Washington, DC 20204


November 20, 1992

TO: All Regional Food and Drug Directors
Attn: Regional Milk Specialists

FROM: Milk Safety Branch (HFF-346)

SUBJECT: Chloramphenicol Screening Test Methods

FDA has completed an evaluation of the CHARM II Test for Chloramphenicol in Milk Using Tablet Reagents and EDI EZ-Screen KWIK-KARD~

A summary of this evaluation and a more detailed description of the method is available from the Milk Safety Branch, HFF-346, 330 C St. SW, Washington DC 20204.

The FDA Laboratory Quality Assurance Branch is developing laboratory evaluation procedures to certify laboratories to use these methods. They will notify states when that process has been completed. Once state laboratories have been certified, these official methods may be used for regulatory actions.

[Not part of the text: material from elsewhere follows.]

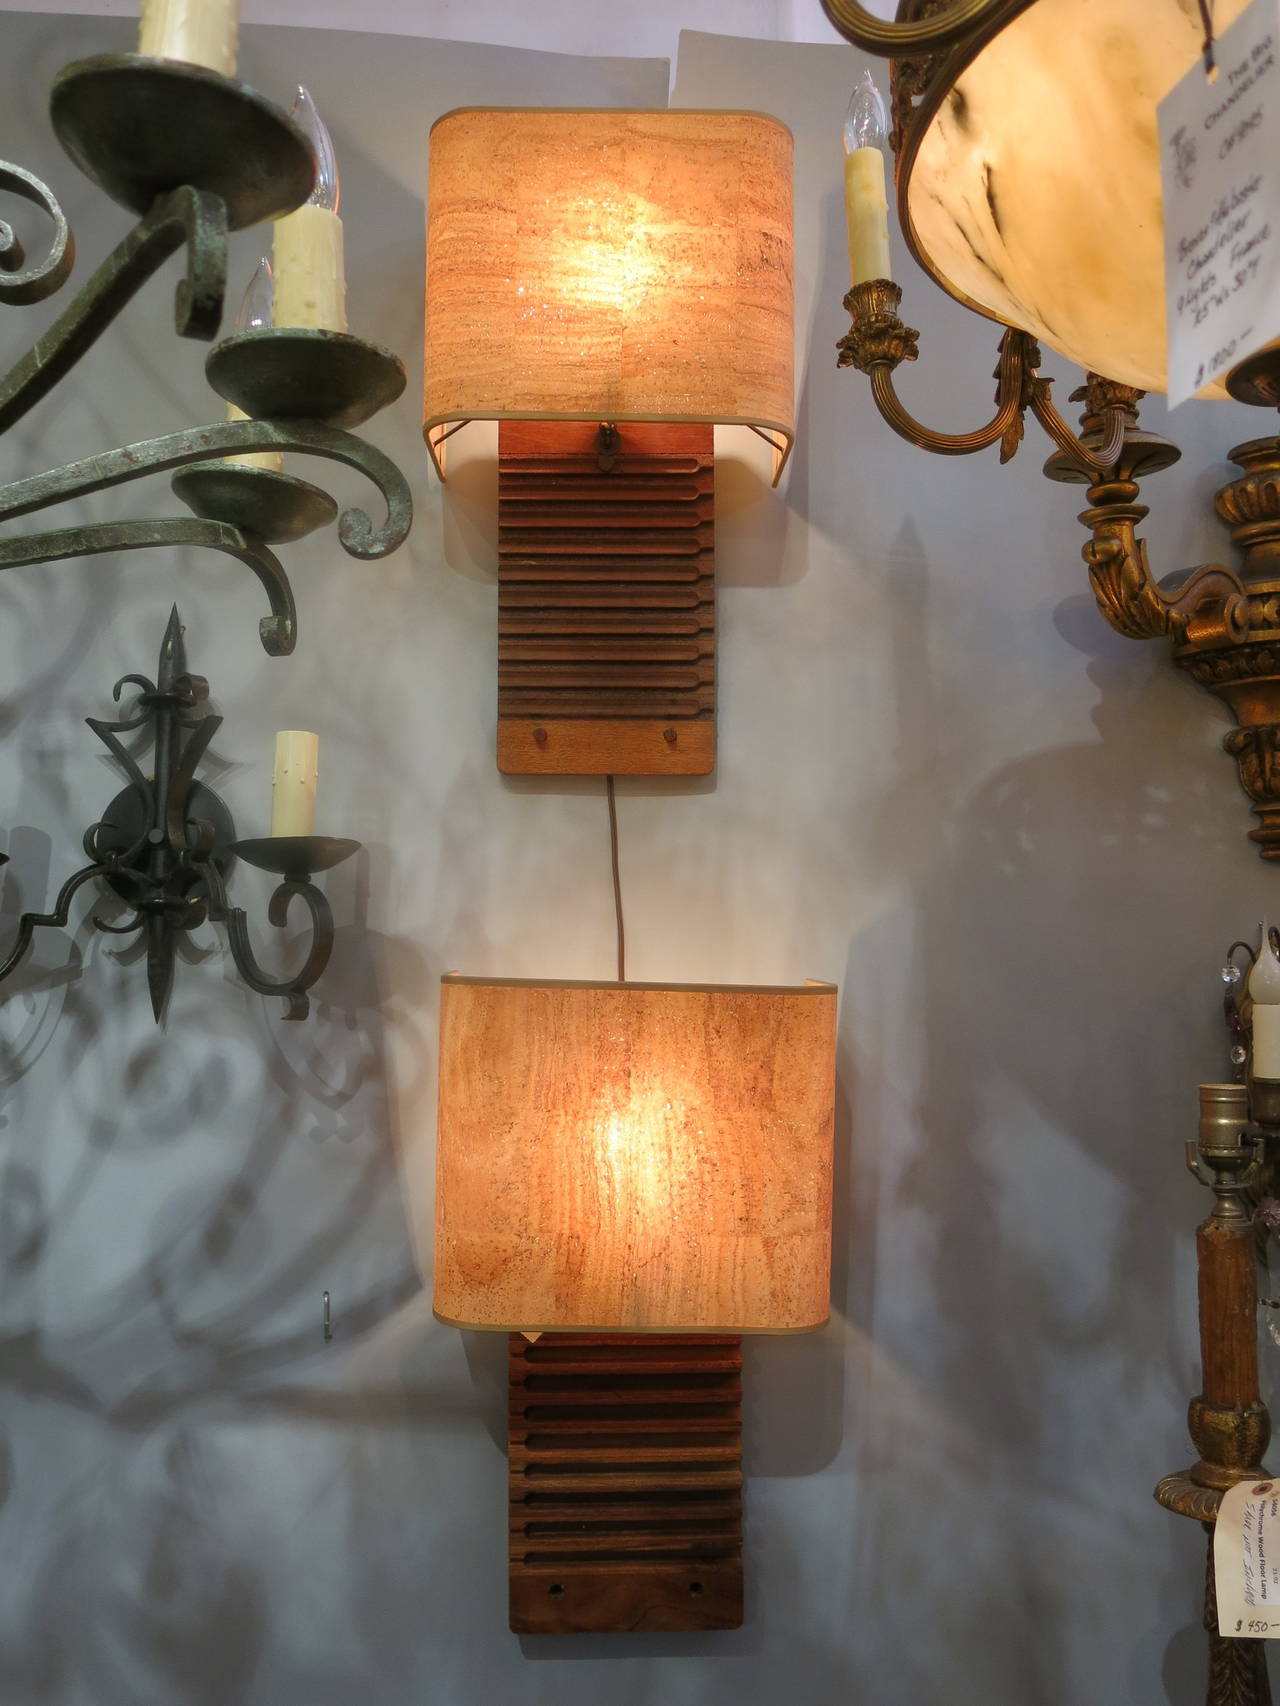 Pair of Vintage Wood Cigar Mold Sconces with Cork Shades

These evaluations were done in response to the submission of these methods by these companies to a December 13, 1990 FEDERAL REGISTER announcement. The primary objective of the study was to evaluate the test kits' performance at the level of 1 ppb.

This Charm II method is available from: Charm Sciences Inc., 36 Franklin Street, Malden, MA 02148.

The EZ-Screen method is available from: Environmental Diagnostics, Inc., 1238 Anthony Road, Burlington, NC 27215.

These methods were evaluated using ten different experiments, including a pilot study, ruggedness test, freeze/thaw test, cross reactivity or interference test, controls from different parts of the country, effect of various common bacterial strains and of varying somatic cell counts on test kit performance, stability and lot to lot variation of the kits, and the effect of incurred residues on test kit performance.

Following the provisions of PMO Section 6, these methods have been evaluated and accepted by FDA for use by the states and industry.

Copies of this memorandum are provided for distribution to State Milk Sanitation Regulatory Agencies, State Milk Sanitation Rating Officers and District Milk Specialists in your region. It should be made readily available to the dairy industry.